On Sept. 14, 2020, Tim Ferriss released a podcast he recorded with his dance partner and close friend, Debbie Millman, and when he recorded it, he was not certain he would release it. None of his usual sponsors endorsed during the podcast. He starts Episode #464 with, “For me, this is the most important podcast episode I’ve ever published. In it, I describe the most life-shaping, certainly the most difficult, and certainly the most transformative journey of my 43 years on this planet. I’ve never shared it before.”

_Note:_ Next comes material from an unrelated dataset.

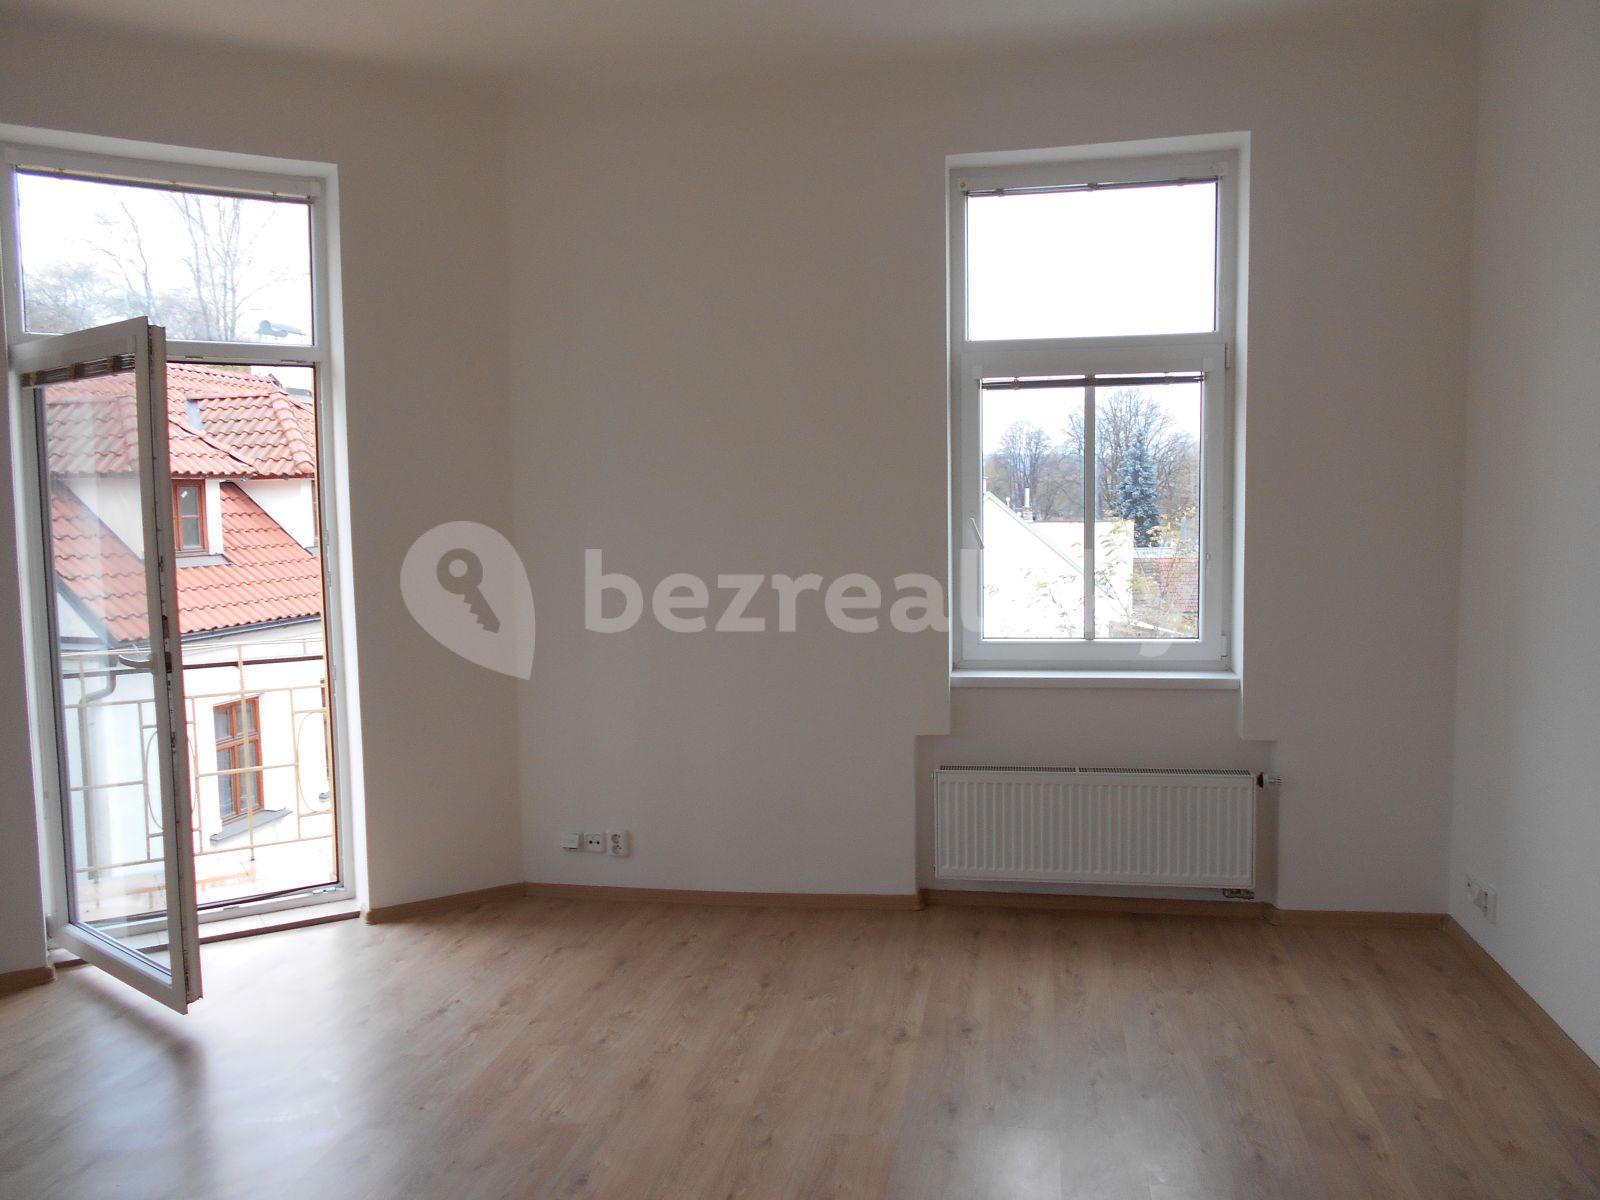 2 bedroom flat to rent, 73 m², Legií, Týn nad Vltavou, Jihočeský Region

I applaud Mr. Ferriss for going through with posting the podcast, a confessional about how he was repeatedly sexually molested over a 2-year period as a young child by a babysitter’s son. He worried about how this would affect his family, if they would be left feeling guilty or devastated. He says, “Please note that I expect to be completely overwhelmed emotionally and otherwise when this is published and please understand if I’m not able to reply to any outreach.”

Ferriss and Millman had a long discussion about their sexual abuse as children. Millman was abused by her stepfather at the age of 9, and she talks about confronting him many years later. Ferriss has not confronted his perpetrator, though he has contemplated doing so.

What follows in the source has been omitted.